The UN said that Muslim homes have been targeted with "brutaEl efficiency" in deadly new unrest in Myanmar.
The UN said that Muslim homes have been targeted with "brutaEl efficiency" in deadly new unrest in Myanmar.
UN envoy, Vijay Nambiar, who has just been to the troubled country said on Tuesday that "incendiary propaganda" had been used to stir unrest between Buddhist and Muslim communities which has erupted again in recent days.
"It seemed to have been done, in a sense, in almost a kind of brutal efficiency," Nambiar told reporters at UN headquarters from Thailand.
He said he went to shelters in Meiktila where almost 9,000 people had sought protection. About 23 people have been detained in the town, which is about 130 kilometers (80 miles) north of the capital Naypyidaw, the envoy added.
"Most of the people I spoke to tended to suggest the attacks were perpetrated by people they did not really recognize, and they may have been outsiders.
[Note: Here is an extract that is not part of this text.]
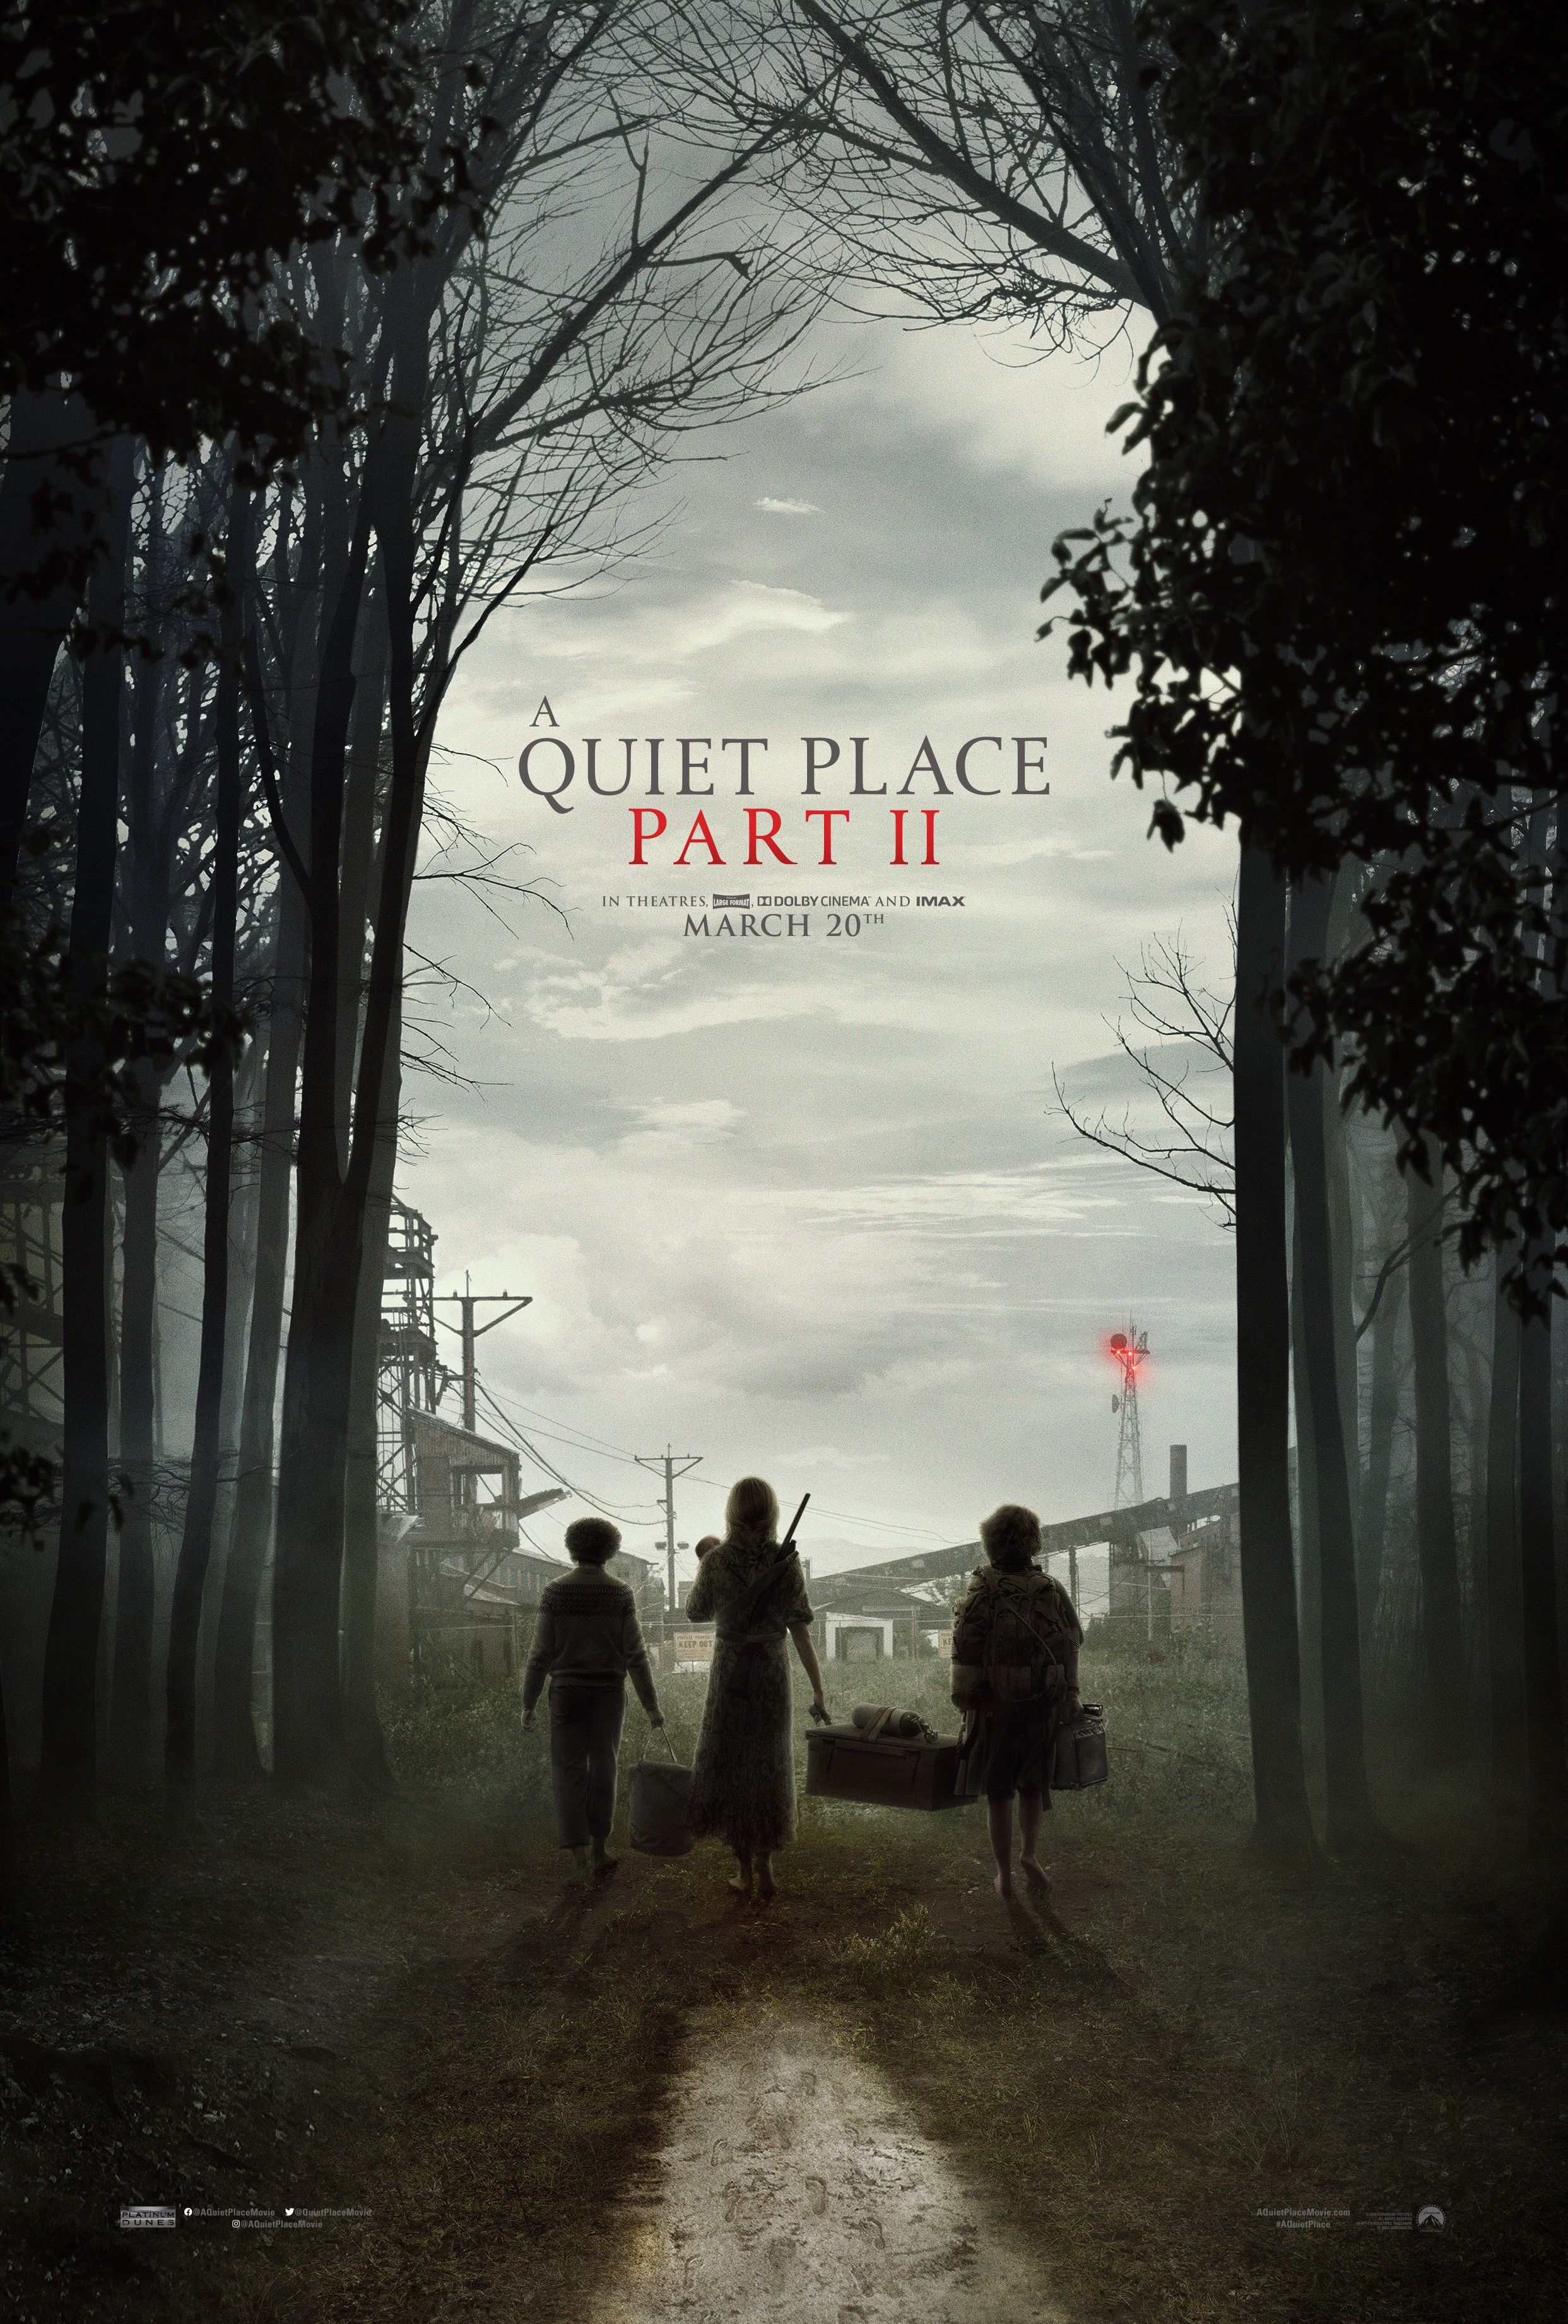 Quiet Place 2 Release Date Delayed Indefinitely, Confirms John Krasinski

But clearly they were targeted," Nambiar said.
The envoy said some "insightful" articles had been written by Buddhist elements. "Clearly there has been a fair amount of incendiary propaganda which has been going on amongst the various communities, which heightened the feeling between them," Nambiar added.
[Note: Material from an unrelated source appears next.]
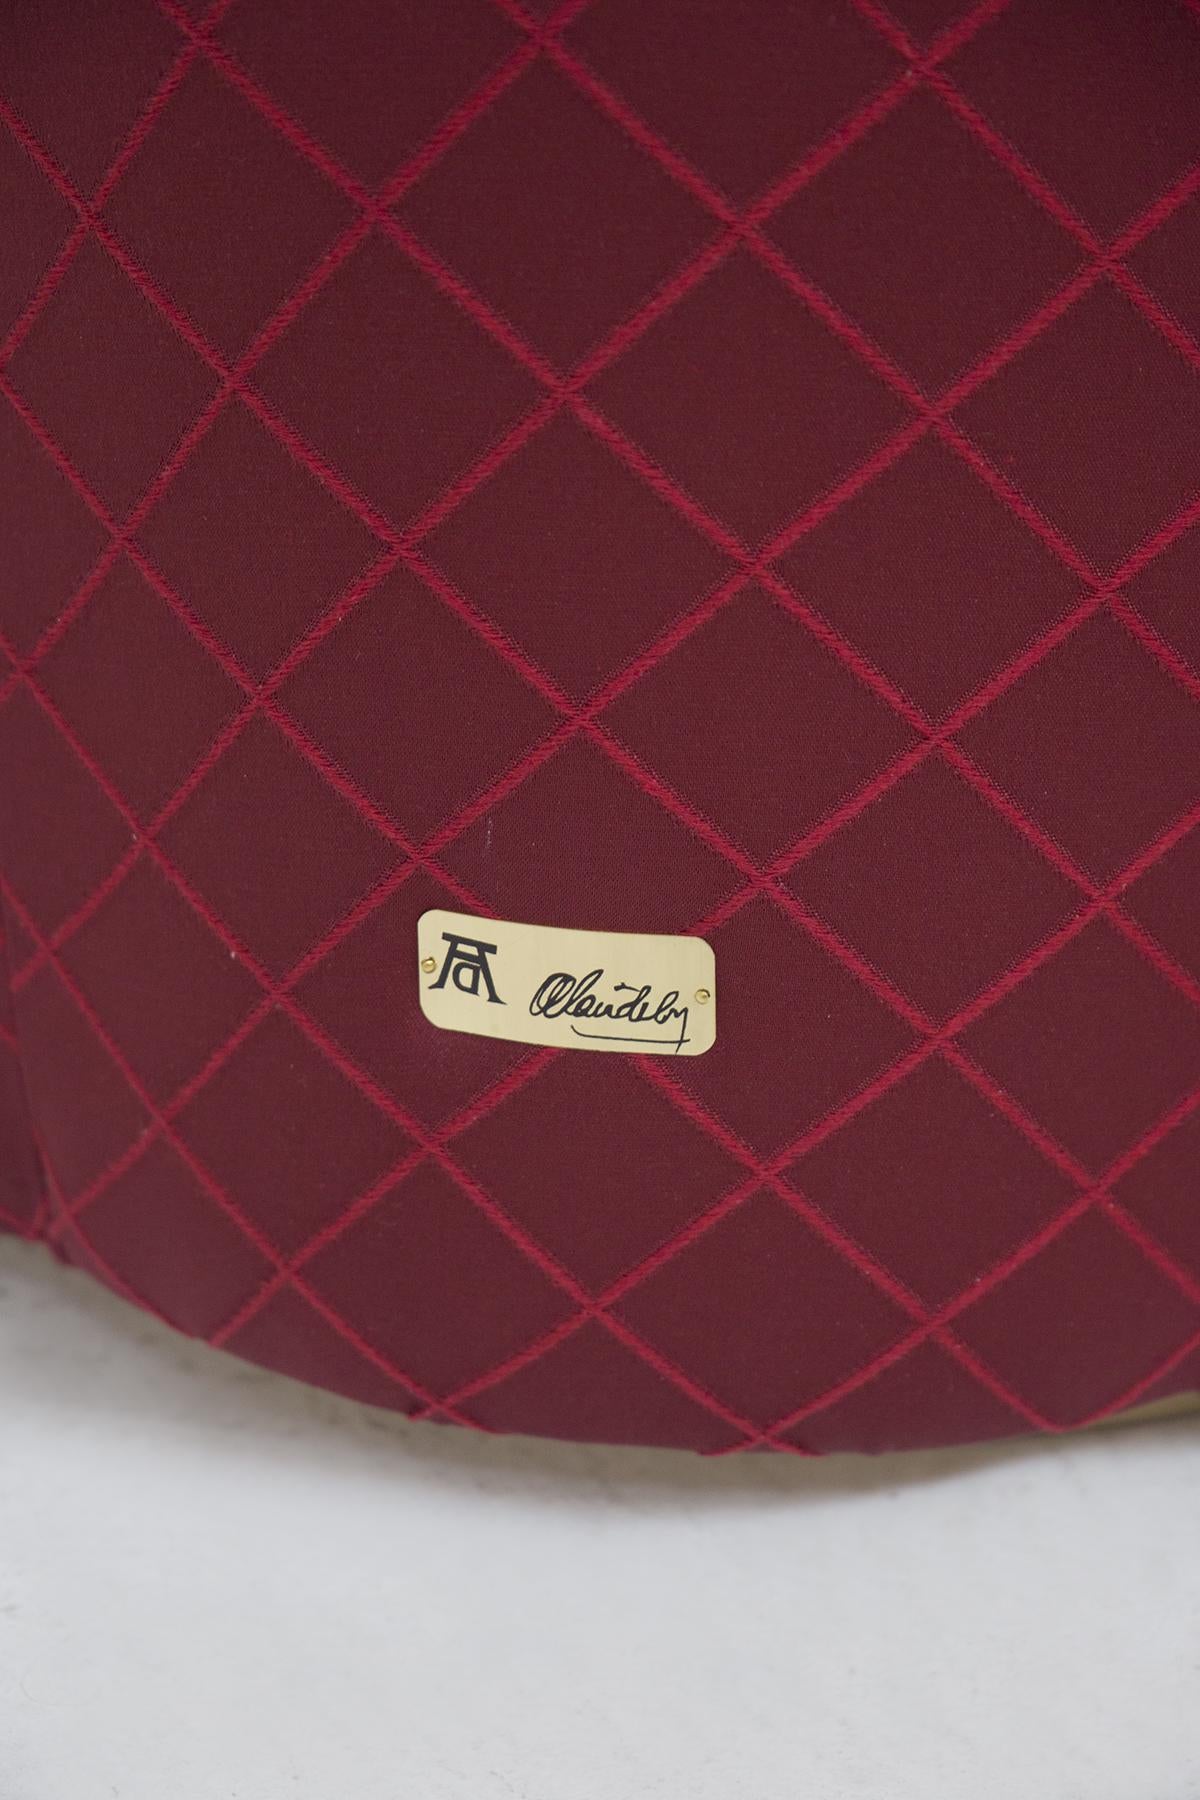 Alain Delon Vintage “Salon” Red Pouf, Original Label 1

The UN envoy has just been on a visit to Myanmar during which he met President Thein Sein and was taken to Meiktila where mosques were burned and charred bodies left in the streets in violence that started March 20.
Nambiar added that Thein Sein had been "very firm in saying that firm action" would be taken against the perpetrators and to stop the spread of the violence.
Since the attacks in Meiktila, the Buddhist-Muslim violence has spread this week to towns closer to the main city of Yangon.